Triceratopic

by Richard in 
bayesian

A few weeks ago, I attended a postgraduate seminar about mosquitoes. Although most of the talk went over my head, the student’s main idea was that mosquitoes had evolved much later than people had previously assumed. As well as a lot of phylogenetics, the main evidence for this was a lack of mosquito fossils older than a certain date.

At the end of the talk, I plucked up the courage to suggest that you could get a rough estimate of when mosquitoes evolved by using statistics. The student did not agree. He said that, if the oldest fossil is 30 million years old, then all you can say is that mosquitoes evolved at least 30 million years ago.

But actually, you can say a little more. If you assume that fossils are generated uniformly between the time when mosquitoes evolved and now (a questionable assumption) then what you essentially have is an example of the so-called German Tank Problem, and you can apply statistics to get the desired estimate.

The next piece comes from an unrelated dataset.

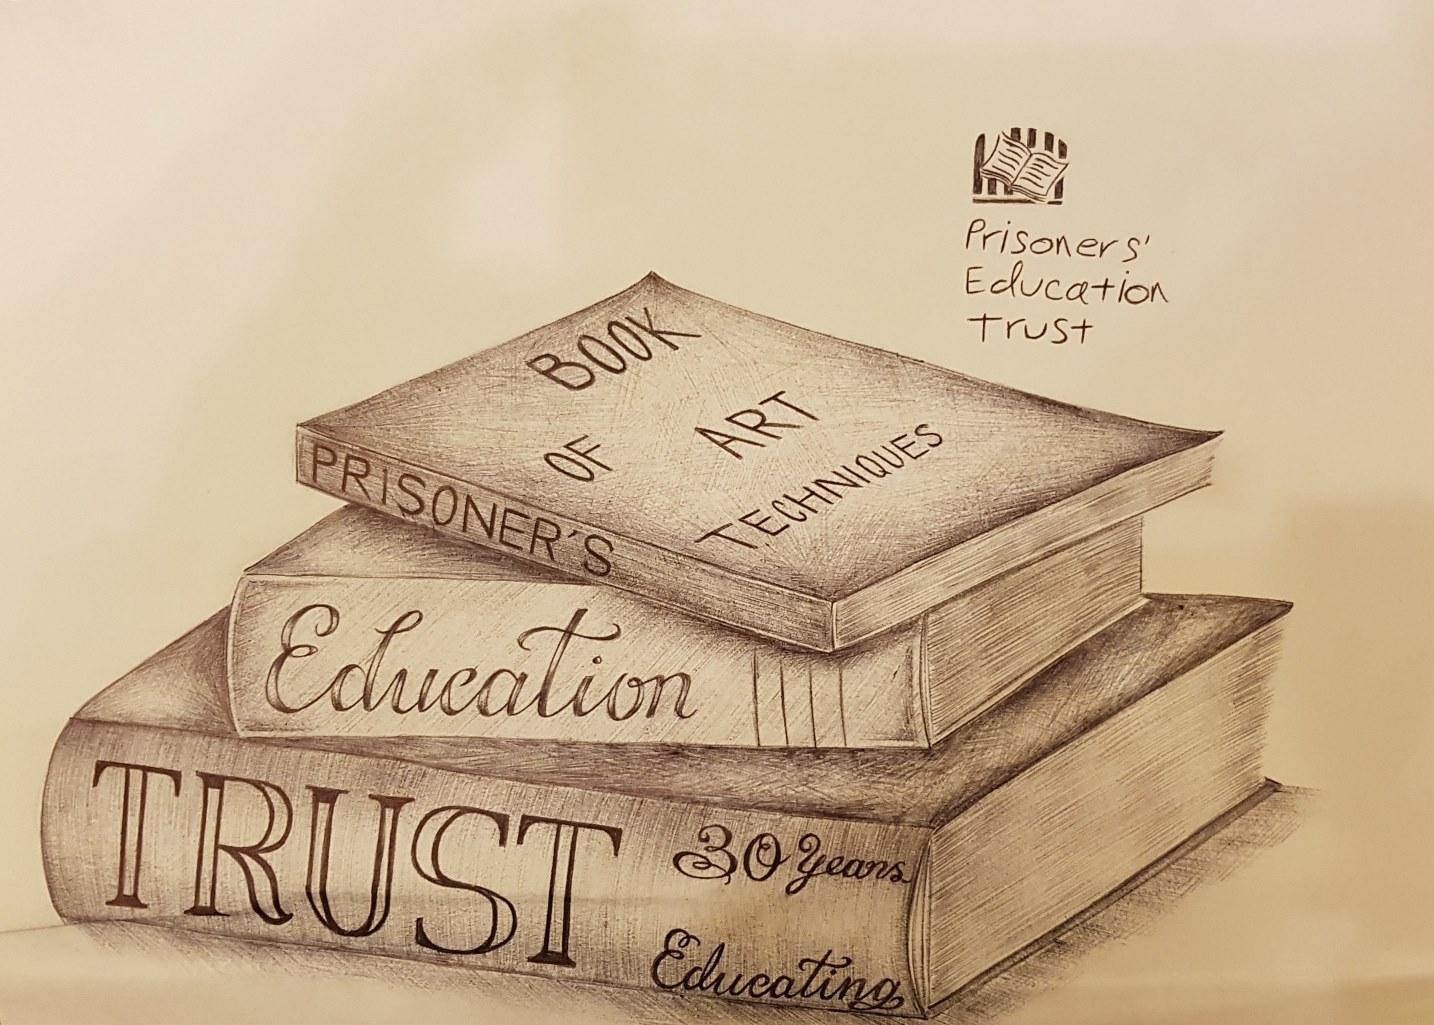 Prisoners' Education Trust art

Let’s say $T$ is the time (in millions of years ago) that mosquitoes evolved, and we have $n$ fossils. The $i^{th}$ fossil is dated in the interval $[a_i, b_i]$. If we assume that all of the fossils are independent (again, very doubtful) we get that the probability of observing the fossils we got is

\[L(T) = \prod_{i=1}^n \frac{(T \wedge b_i - a_i)}{T}\]

where the wedge symbol $x \wedge y$ denotes the minimum of $x$ and $y$.

If we put a prior on $T$ (usually there is a sensible upper bound for $T$, so we can use a uniform prior) then we can use this likelihood to get a posterior distribution and credible interval for $T$.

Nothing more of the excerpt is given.